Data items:
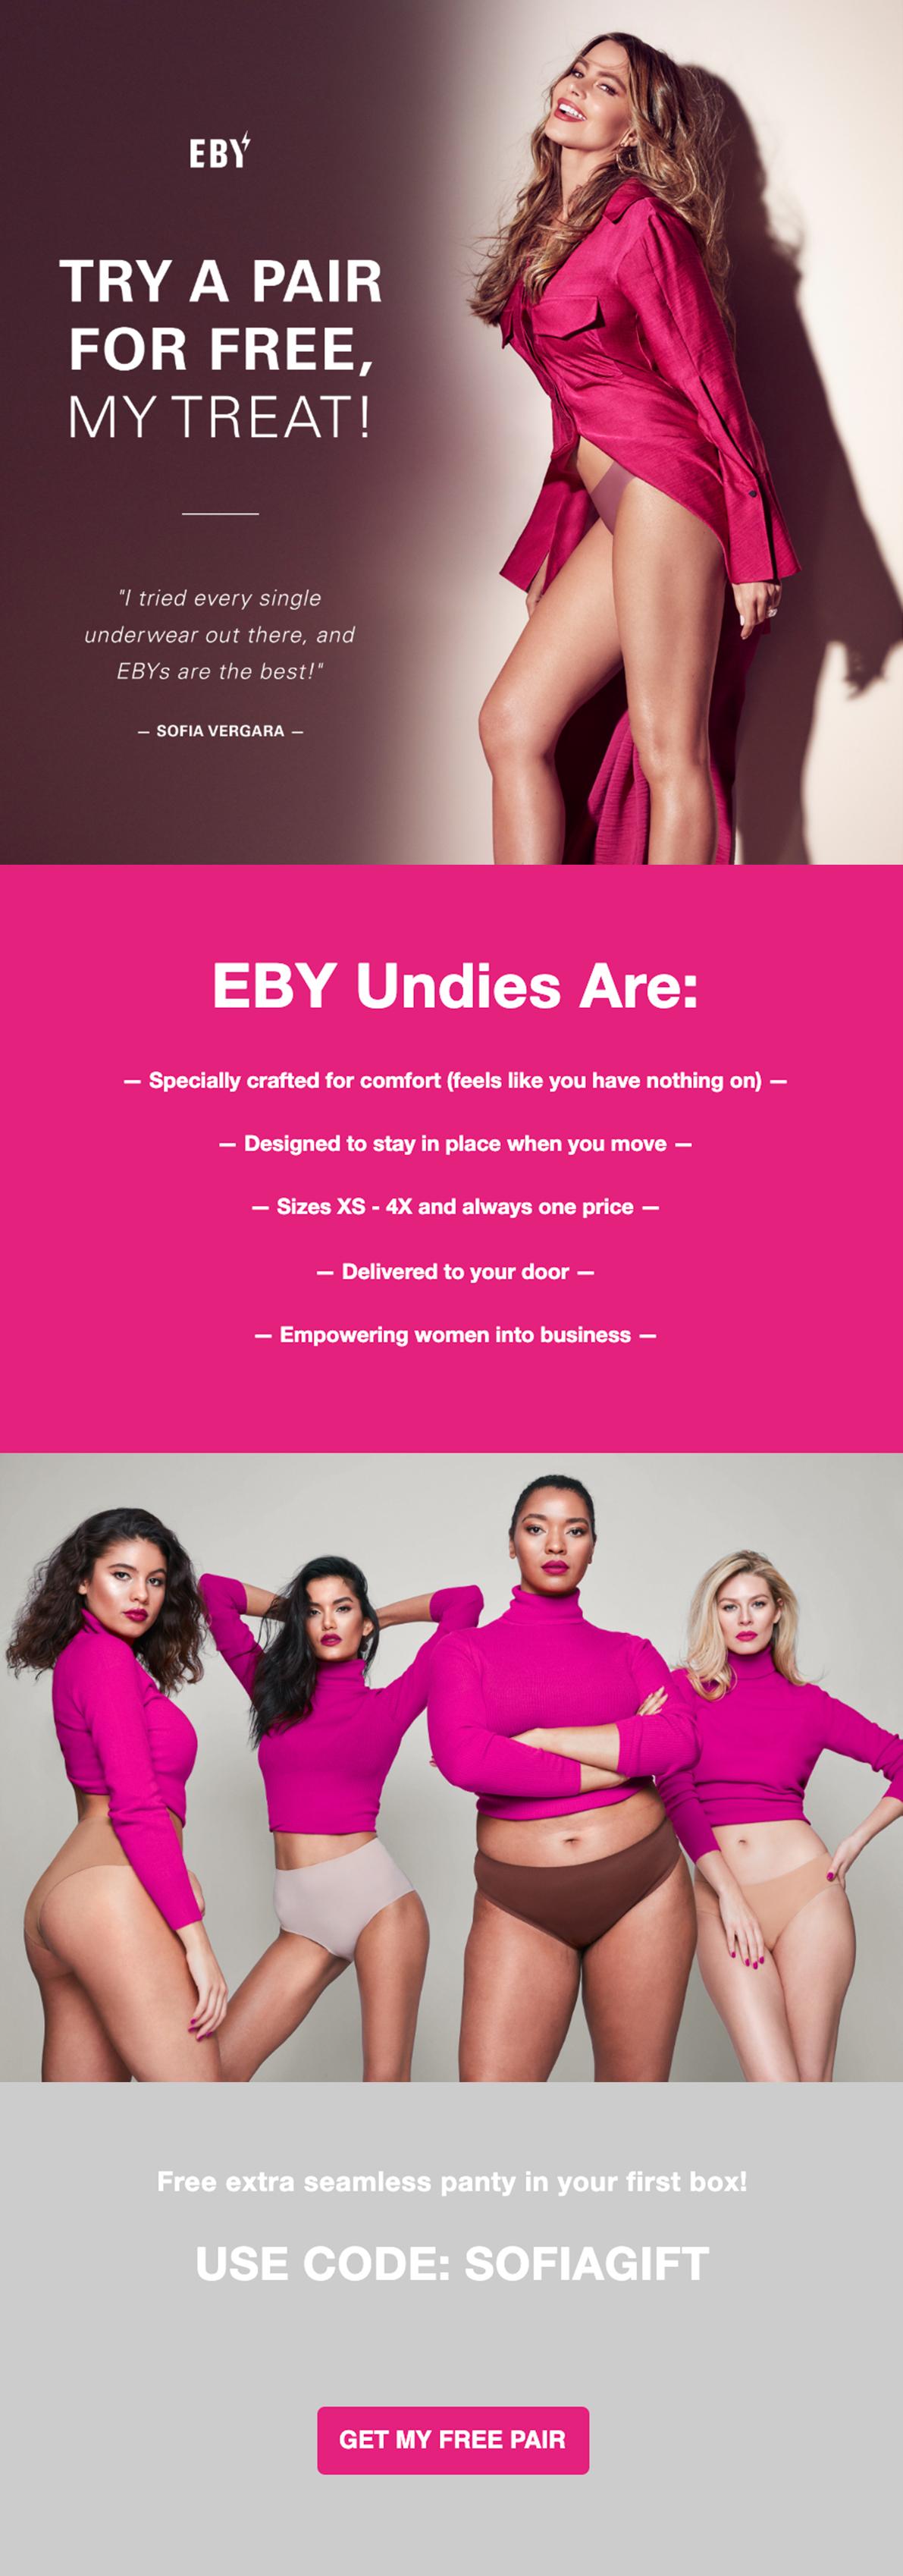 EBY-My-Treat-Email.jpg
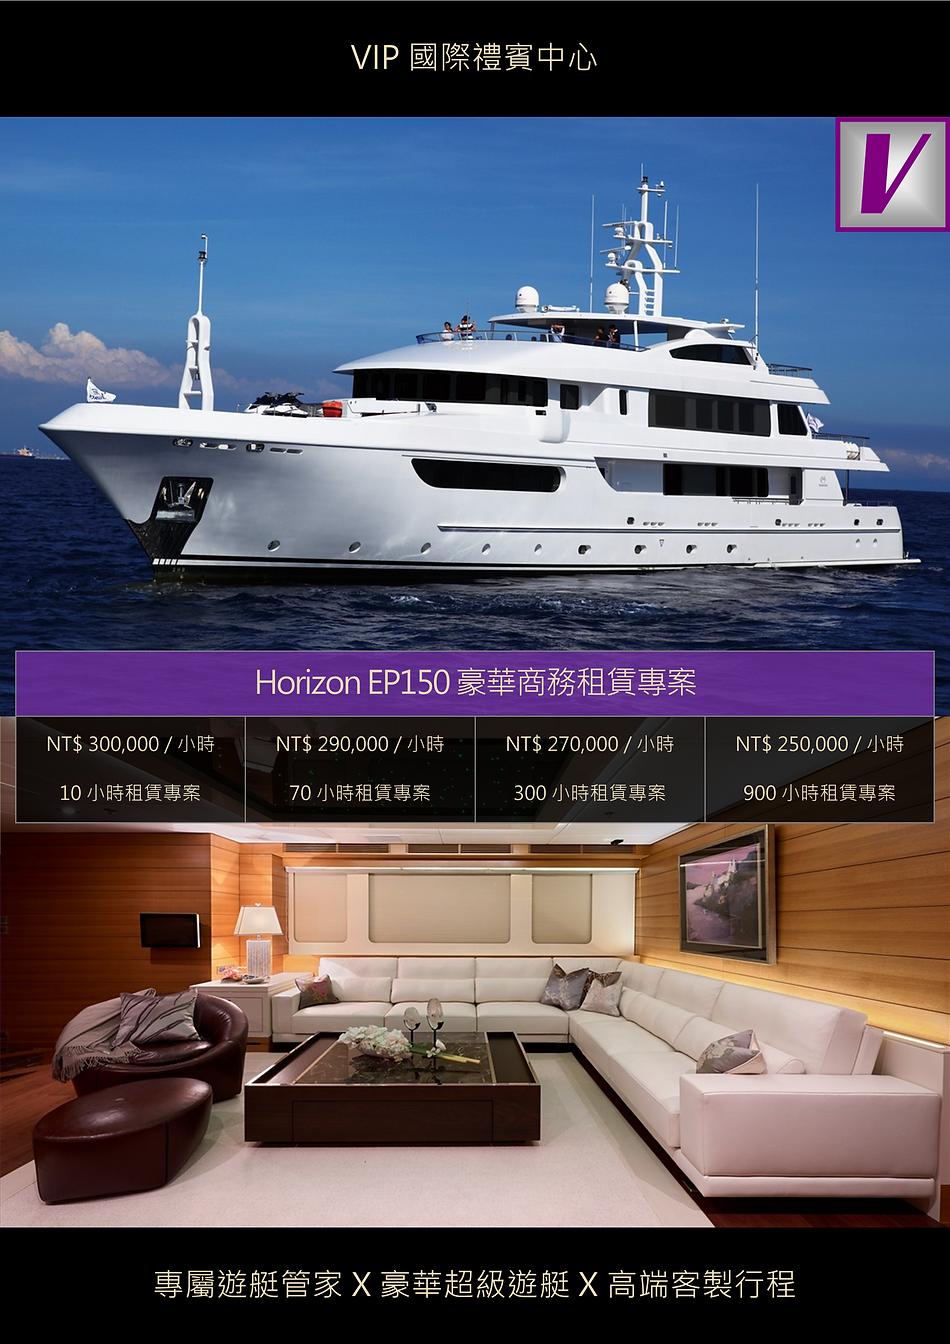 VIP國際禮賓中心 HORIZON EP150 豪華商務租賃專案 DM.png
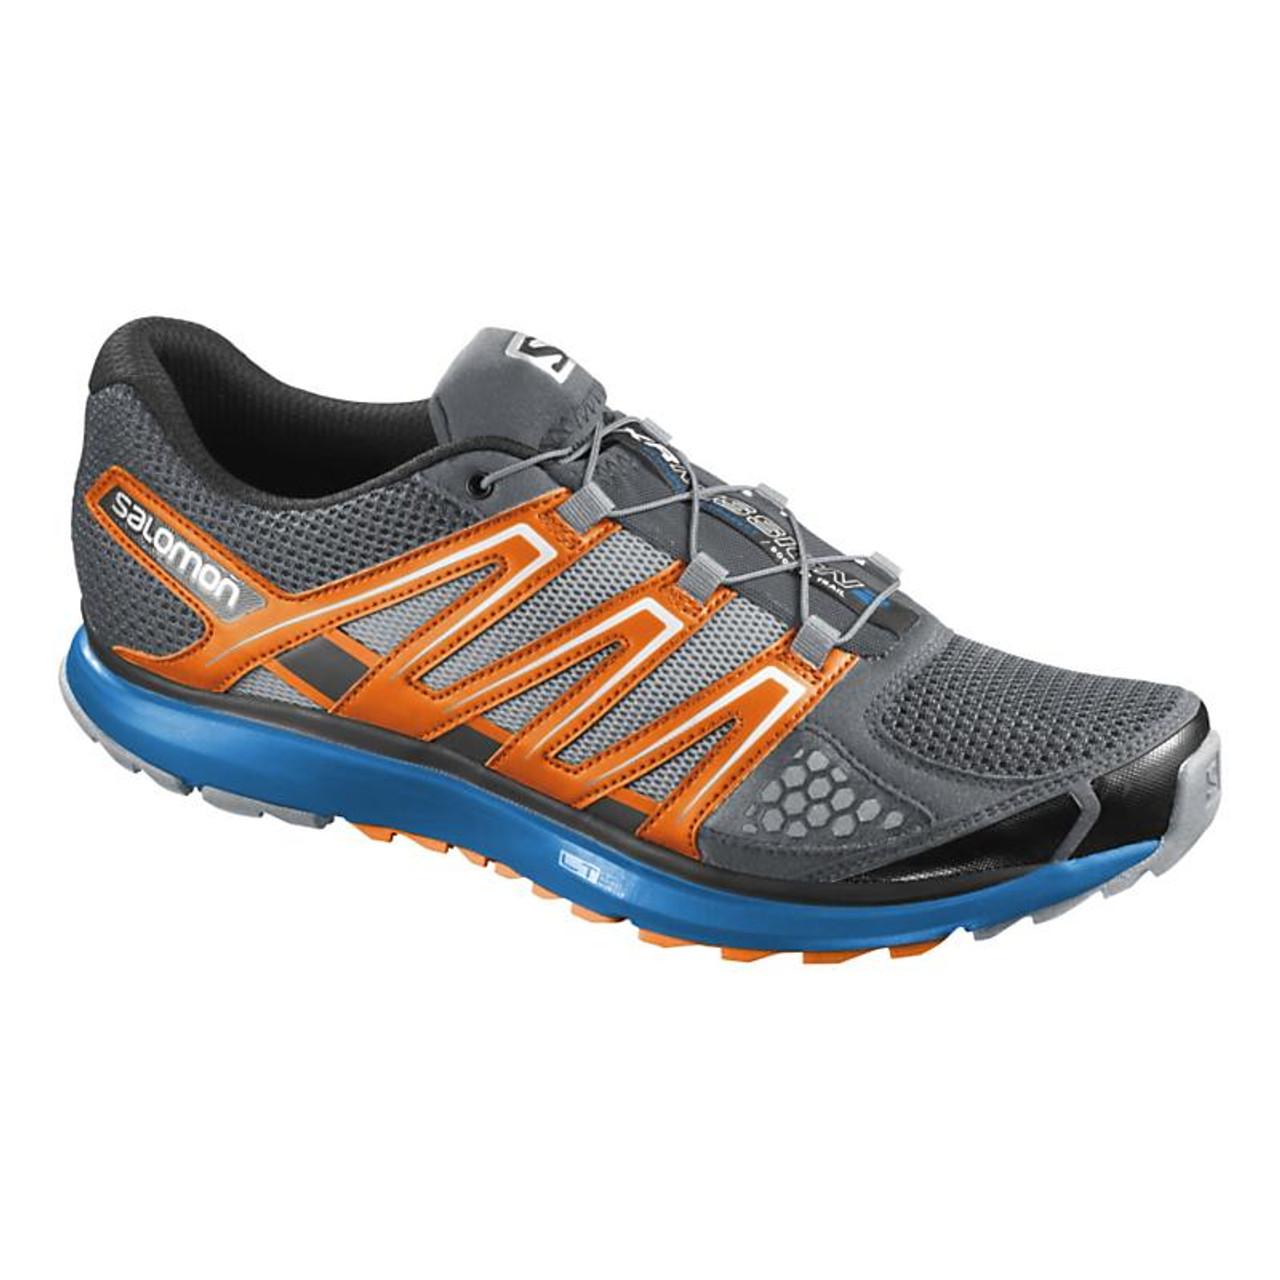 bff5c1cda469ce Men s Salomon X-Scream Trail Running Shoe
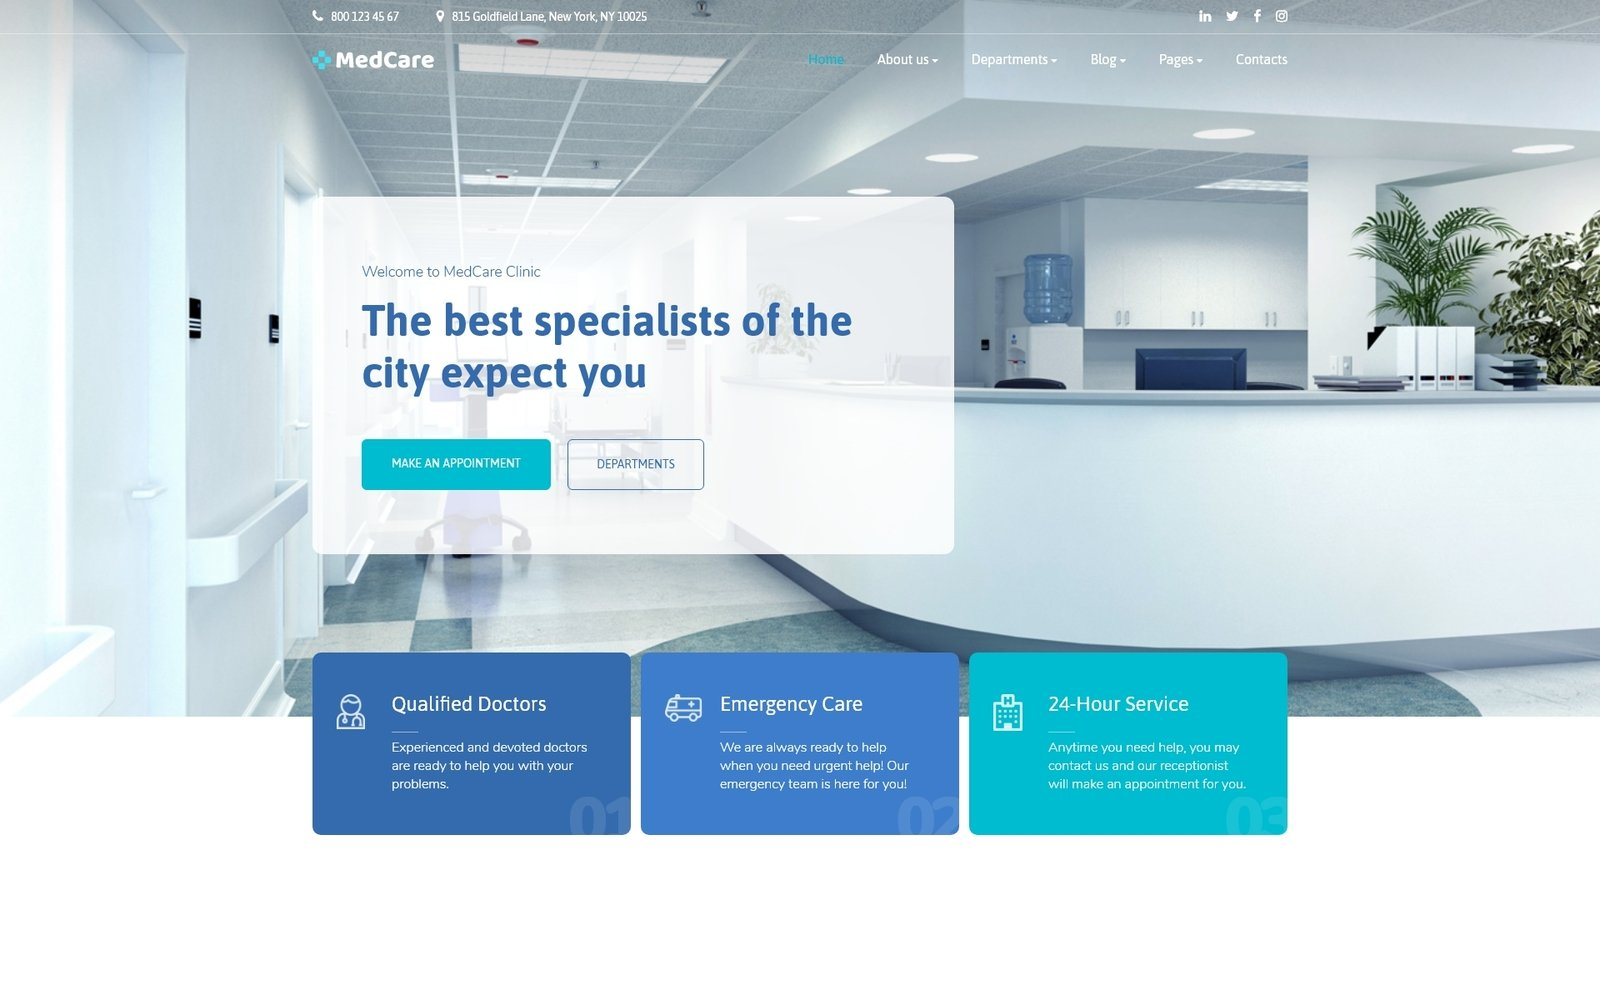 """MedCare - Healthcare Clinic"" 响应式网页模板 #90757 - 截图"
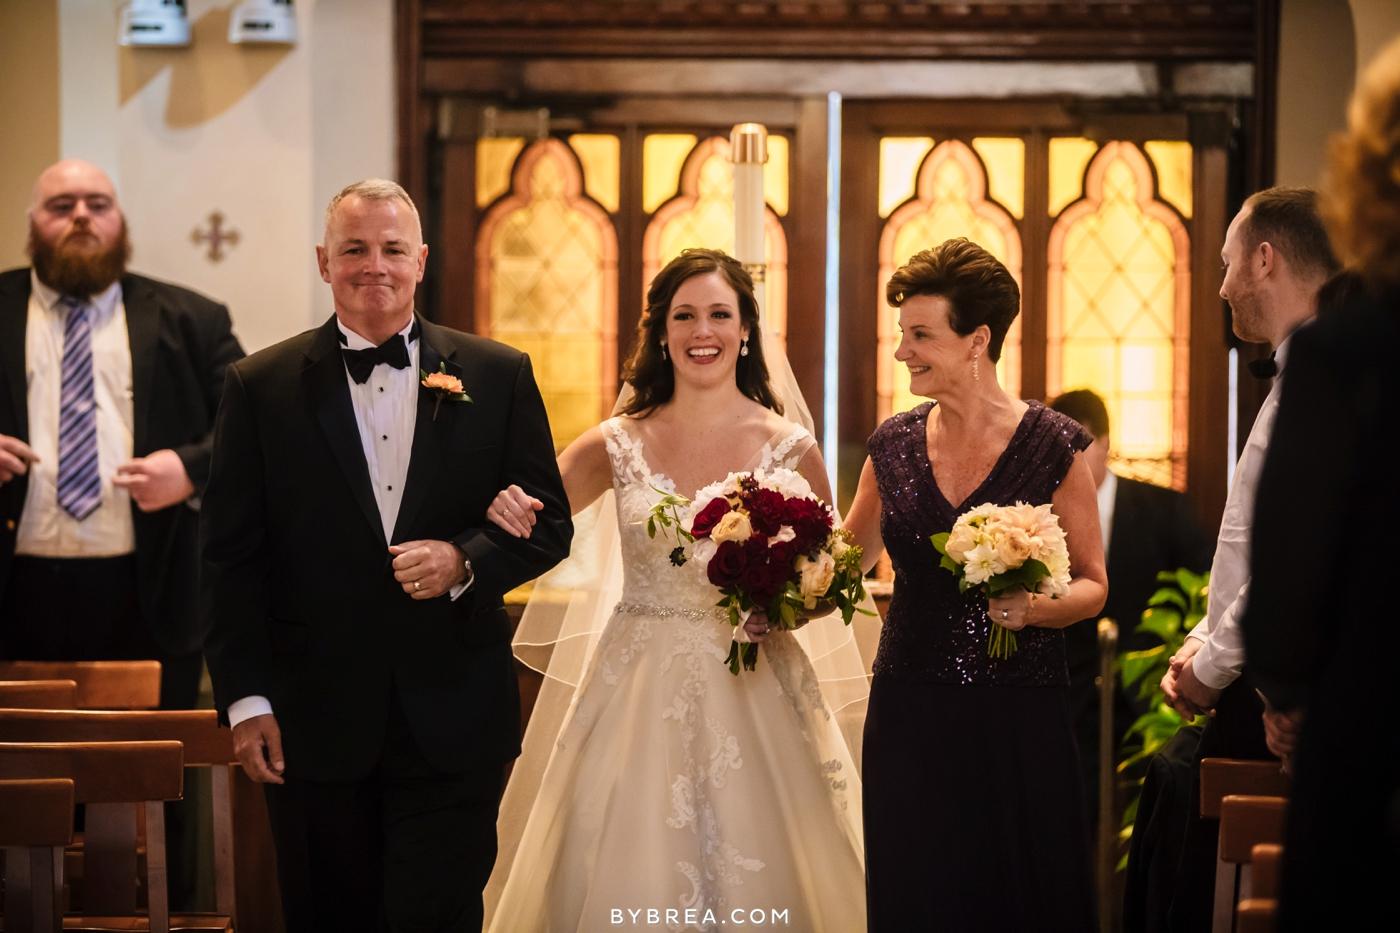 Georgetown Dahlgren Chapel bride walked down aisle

Work task: Please provide a faithful transcription of all the data, pictures excluded.

Solution for this problem:
 EBY-My-Treat-Email.jpg
 VIP國際禮賓中心 HORIZON EP150 豪華商務租賃專案 DM.png
 bff5c1cda469ce Men s Salomon X-Scream Trail Running Shoe
 """MedCare - Healthcare Clinic"" 响应式网页模板 #90757 - 截图"
 Georgetown Dahlgren Chapel bride walked down aisle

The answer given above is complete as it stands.